Exercise details:
Starting at the top line, return each entry word for word.

Saved entries
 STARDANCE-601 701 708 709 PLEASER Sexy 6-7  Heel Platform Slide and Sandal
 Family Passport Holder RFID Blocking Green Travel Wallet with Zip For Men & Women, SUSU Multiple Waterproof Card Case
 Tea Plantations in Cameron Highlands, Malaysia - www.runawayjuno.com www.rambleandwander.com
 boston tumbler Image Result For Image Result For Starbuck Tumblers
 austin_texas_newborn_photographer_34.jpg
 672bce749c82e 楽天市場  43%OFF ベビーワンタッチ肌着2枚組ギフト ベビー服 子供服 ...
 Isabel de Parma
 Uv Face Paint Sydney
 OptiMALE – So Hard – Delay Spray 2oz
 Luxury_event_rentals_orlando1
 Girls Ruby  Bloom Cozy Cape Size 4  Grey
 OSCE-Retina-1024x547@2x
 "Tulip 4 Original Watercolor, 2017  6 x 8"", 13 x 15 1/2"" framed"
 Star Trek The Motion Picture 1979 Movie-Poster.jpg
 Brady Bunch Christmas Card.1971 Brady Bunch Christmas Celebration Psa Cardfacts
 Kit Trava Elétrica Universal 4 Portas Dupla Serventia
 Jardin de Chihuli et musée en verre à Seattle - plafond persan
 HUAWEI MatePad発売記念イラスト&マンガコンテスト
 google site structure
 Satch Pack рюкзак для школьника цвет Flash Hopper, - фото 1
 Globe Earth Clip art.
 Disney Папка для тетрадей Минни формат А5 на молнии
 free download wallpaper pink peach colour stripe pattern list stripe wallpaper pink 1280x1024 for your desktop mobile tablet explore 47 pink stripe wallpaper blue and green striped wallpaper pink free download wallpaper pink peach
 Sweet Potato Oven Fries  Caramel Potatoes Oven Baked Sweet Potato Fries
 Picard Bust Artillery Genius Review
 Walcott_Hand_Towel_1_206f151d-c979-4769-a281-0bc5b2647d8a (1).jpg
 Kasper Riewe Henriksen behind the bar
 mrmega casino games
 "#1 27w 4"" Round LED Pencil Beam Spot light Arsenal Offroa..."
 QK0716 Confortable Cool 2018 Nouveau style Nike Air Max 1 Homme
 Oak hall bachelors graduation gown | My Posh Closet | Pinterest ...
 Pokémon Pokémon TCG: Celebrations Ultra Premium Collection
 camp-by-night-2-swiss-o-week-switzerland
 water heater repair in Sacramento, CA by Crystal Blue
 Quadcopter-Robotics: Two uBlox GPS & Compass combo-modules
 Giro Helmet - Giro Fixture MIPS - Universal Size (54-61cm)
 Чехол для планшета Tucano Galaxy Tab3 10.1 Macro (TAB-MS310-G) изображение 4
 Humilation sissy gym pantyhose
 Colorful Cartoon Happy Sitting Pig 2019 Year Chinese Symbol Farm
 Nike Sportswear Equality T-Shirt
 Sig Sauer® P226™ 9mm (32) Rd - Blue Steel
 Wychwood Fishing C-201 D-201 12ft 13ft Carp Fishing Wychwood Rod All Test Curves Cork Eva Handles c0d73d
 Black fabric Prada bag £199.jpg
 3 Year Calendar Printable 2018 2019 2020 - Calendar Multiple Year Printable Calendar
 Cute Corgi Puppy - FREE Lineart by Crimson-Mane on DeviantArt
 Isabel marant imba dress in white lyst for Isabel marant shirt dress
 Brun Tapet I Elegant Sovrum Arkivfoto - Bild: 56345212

Finished exercise:
 STARDANCE-601 701 708 709 PLEASER Sexy 6-7  Heel Platform Slide and Sandal
 Family Passport Holder RFID Blocking Green Travel Wallet with Zip For Men & Women, SUSU Multiple Waterproof Card Case
 Tea Plantations in Cameron Highlands, Malaysia - www.runawayjuno.com www.rambleandwander.com
 boston tumbler Image Result For Image Result For Starbuck Tumblers
 austin_texas_newborn_photographer_34.jpg
 672bce749c82e 楽天市場  43%OFF ベビーワンタッチ肌着2枚組ギフト ベビー服 子供服 ...
 Isabel de Parma
 Uv Face Paint Sydney
 OptiMALE – So Hard – Delay Spray 2oz
 Luxury_event_rentals_orlando1
 Girls Ruby  Bloom Cozy Cape Size 4  Grey
 OSCE-Retina-1024x547@2x
 "Tulip 4 Original Watercolor, 2017  6 x 8"", 13 x 15 1/2"" framed"
 Star Trek The Motion Picture 1979 Movie-Poster.jpg
 Brady Bunch Christmas Card.1971 Brady Bunch Christmas Celebration Psa Cardfacts
 Kit Trava Elétrica Universal 4 Portas Dupla Serventia
 Jardin de Chihuli et musée en verre à Seattle - plafond persan
 HUAWEI MatePad発売記念イラスト&マンガコンテスト
 google site structure
 Satch Pack рюкзак для школьника цвет Flash Hopper, - фото 1
 Globe Earth Clip art.
 Disney Папка для тетрадей Минни формат А5 на молнии
 free download wallpaper pink peach colour stripe pattern list stripe wallpaper pink 1280x1024 for your desktop mobile tablet explore 47 pink stripe wallpaper blue and green striped wallpaper pink free download wallpaper pink peach
 Sweet Potato Oven Fries  Caramel Potatoes Oven Baked Sweet Potato Fries
 Picard Bust Artillery Genius Review
 Walcott_Hand_Towel_1_206f151d-c979-4769-a281-0bc5b2647d8a (1).jpg
 Kasper Riewe Henriksen behind the bar
 mrmega casino games
 "#1 27w 4"" Round LED Pencil Beam Spot light Arsenal Offroa..."
 QK0716 Confortable Cool 2018 Nouveau style Nike Air Max 1 Homme
 Oak hall bachelors graduation gown | My Posh Closet | Pinterest ...
 Pokémon Pokémon TCG: Celebrations Ultra Premium Collection
 camp-by-night-2-swiss-o-week-switzerland
 water heater repair in Sacramento, CA by Crystal Blue
 Quadcopter-Robotics: Two uBlox GPS & Compass combo-modules
 Giro Helmet - Giro Fixture MIPS - Universal Size (54-61cm)
 Чехол для планшета Tucano Galaxy Tab3 10.1 Macro (TAB-MS310-G) изображение 4
 Humilation sissy gym pantyhose
 Colorful Cartoon Happy Sitting Pig 2019 Year Chinese Symbol Farm
 Nike Sportswear Equality T-Shirt
 Sig Sauer® P226™ 9mm (32) Rd - Blue Steel
 Wychwood Fishing C-201 D-201 12ft 13ft Carp Fishing Wychwood Rod All Test Curves Cork Eva Handles c0d73d
 Black fabric Prada bag £199.jpg
 3 Year Calendar Printable 2018 2019 2020 - Calendar Multiple Year Printable Calendar
 Cute Corgi Puppy - FREE Lineart by Crimson-Mane on DeviantArt
 Isabel marant imba dress in white lyst for Isabel marant shirt dress
 Brun Tapet I Elegant Sovrum Arkivfoto - Bild: 56345212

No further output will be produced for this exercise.